Arrows indicate the flow of permitted traffic. Solid lines indicate pushes, that is, they are triggered from the beginning of the arrow. Dotted lines indicate pulls, triggered from the end of the arrow.

Satellite TRE¶

Figure 1 demonstrates the high-level concept of a satellite TRE. It shows the connection of an existing TRE to a satellite TRE instance deployed remote infrastructure.

The secure TRE tenancy boundary enables the extension of existing governance to the satellite TRE. On the remote infrastructure, a dashed line indicate the boundary of the TRE tenancy. All resources within the tenancy are within the governance domain of the Home TRE, through the governance boundary extension agreed in the shared responsibility model.

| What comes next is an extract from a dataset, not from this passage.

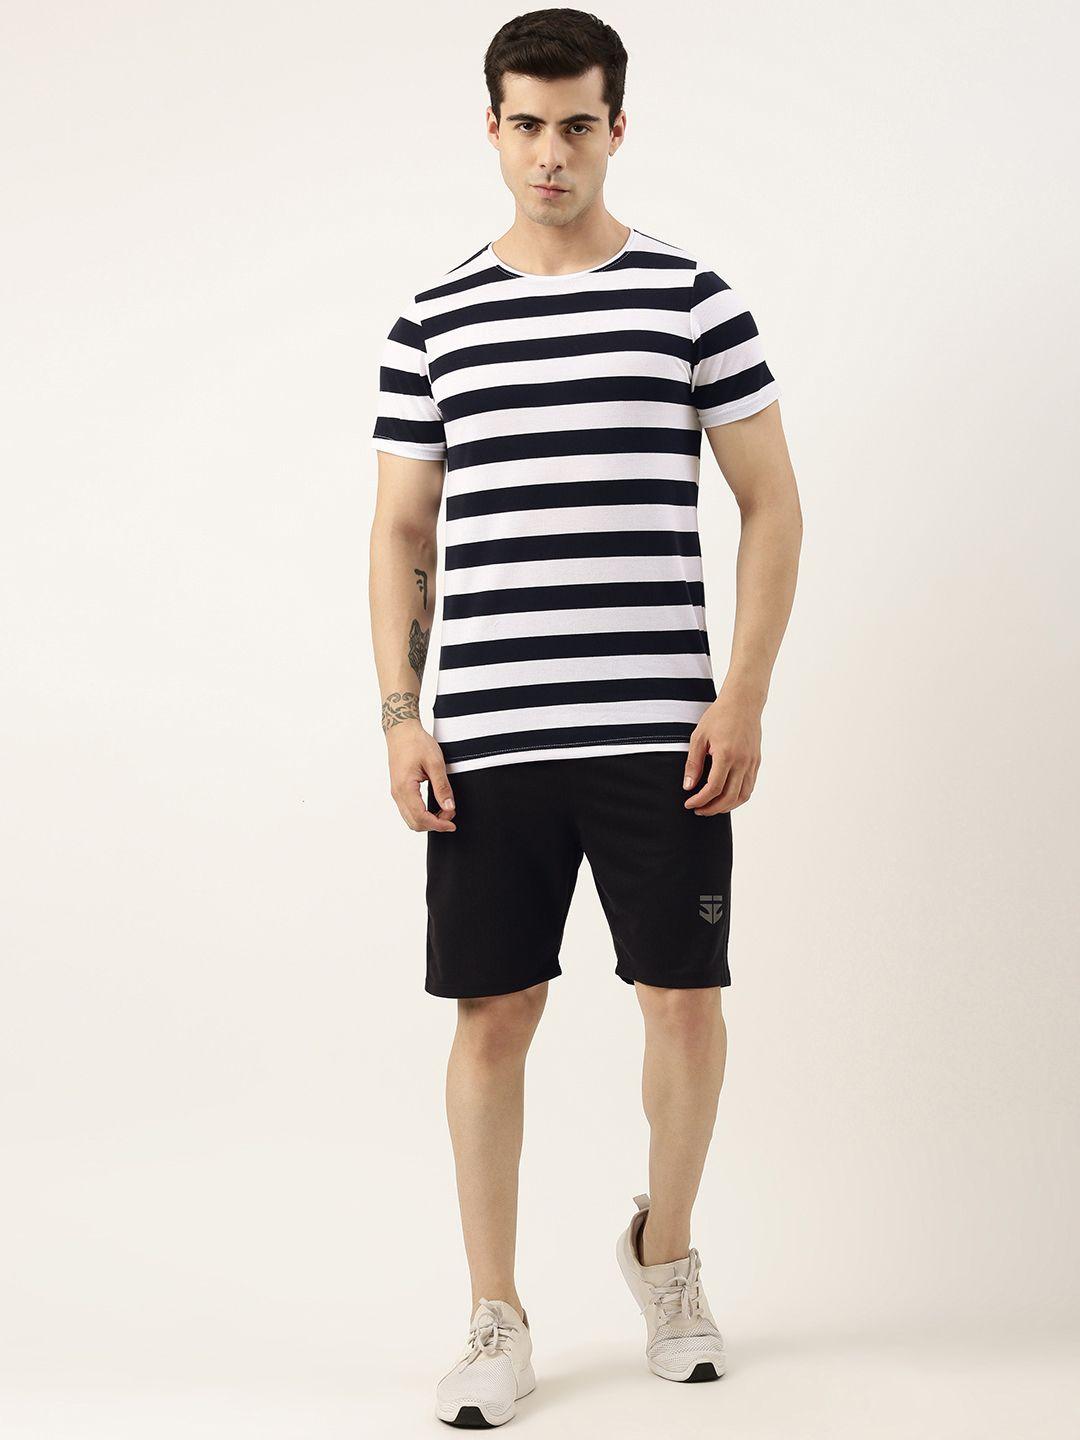 sports52 wear men striped t-shirt with shorts training tracksuit

A block diagram depicting a satellite TRE. It shows how the satellite TRE is an adjunct to an existing TRE. The TRE admins configure the satellite TRE on remote infrastructure, while the remote infrastructure admins configure the TRE tenancy. TRE Researchers are able to dispatch jobs and manage data from their home TRE workspace. — Figure 1:A schematic of the satellite TRE concept, showing the home TRE and TRE Tenancy.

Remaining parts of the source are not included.